Sovereignty is a cost strategy, not a flag
By Morten Brandanger · Tech Lead

Sovereign AI in Europe is usually framed as a political project. That reading is wrong. Ownership of model, mandate and runtime is first a cost strategy: whoever controls the substrate controls how much intelligence can be extracted from each token. The rest follows.
Sovereignty is rules, resilience is recovery
In EU legal language, sovereignty means the ability to set and enforce your own rules. Resilience means the capacity to absorb and recover from shocks. The two get conflated in the digital independence debate, but they make different demands on architecture.
A sovereign system needs jurisdictional clarity: who owns the weights, who signs the mandate, where the run is logged. A resilient system needs substitutability: if a vendor disappears, the agent keeps solving the task on a different model without losing the thread. Bruegel has urged the Commission to adopt an economic sovereignty strategy and stand up an internal committee for it. Institut Jacques Delors frames the same thing as a reduction in strategic dependencies across digital, industrial and security-critical domains. Both point at the same technical requirement: the stack must come apart and back together without leaving the buyer captive to a single supplier.
Token cost is the new industrial cost
For industrial AI the unit economics are simple. An agent that resolves one case costs X tokens. Multiply by volume. What decides the margin is not the model's benchmark score.
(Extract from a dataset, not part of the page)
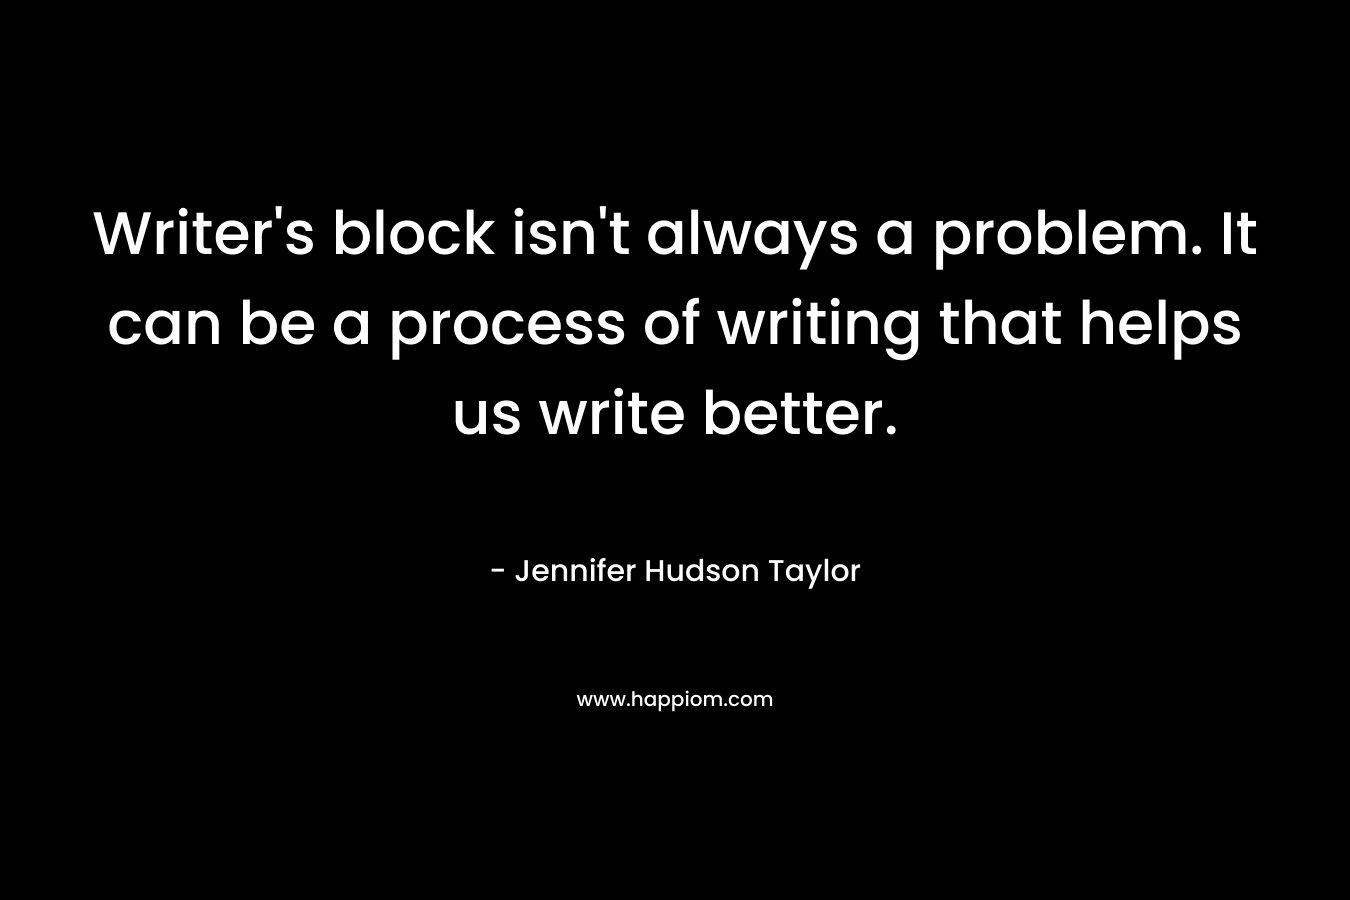 Writer’s block isn’t always a problem. It can be a process of writing that helps us write better. – Jennifer Hudson Taylor

It is how precisely the mandate is written, how tightly the tools are curated, and how much context actually has to be shipped in to get a usable answer.
This is where sovereign ownership becomes a cost argument. When you own the model, you can fine-tune it against your own domain language and cut prompt length materially. When you own the orchestration, you can route easy cases to smaller models and reserve the large ones for what actually needs them. When you own the runtime, you pay for power and silicon, not margin to a hyperscaler. Renting the whole stack means paying three times: for the model, for the inference, and for the inability to optimise any of it.
Whoever controls the substrate controls how much intelligence can be extracted from each token.
Fragmentation is the real risk
There is a credible objection to European AI sovereignty: fragmentation. If every member state builds its own national cloud, its own model stack and its own procurement rules, cost goes up rather than down. The OECD's 2024 survey shows that 53% of jurisdictions now use a centralised or co-ordinated ownership model for state-owned enterprises, up from 41% in 2021, but only 11% have a central body that exclusively performs the ownership role. Half still lack a formal ownership policy at all.
The lesson transfers directly. Sovereignty without coordination becomes 27 sub-scale projects. Coordination without clear ownership becomes a committee. What actually delivers lower token cost is pooling: shared infrastructure, shared evaluation regimes, shared weights where it is defensible, and clear mandate boundaries between the public layer and the operational layer. The IMF and OECD have long argued that ownership and policy functions must be separated. The same applies to the AI substrate.
What SkyeTec builds
We build the vertically integrated layer beneath the European agent: the model fine-tuned for Nordic industry, the mandate that defines what the agent is allowed to do, the tools that bind it to real systems, and the runtime that logs every action in a jurisdiction the customer can actually name. Not because we believe in flags. Because it is the only way to keep token cost low while keeping accountability high.
If you accept that sovereignty is a cost strategy, the decision shifts. The question is no longer whether Europe should own its own AI. The question is how much margin you are willing to hand to a supplier that knows neither your domain nor your regulator.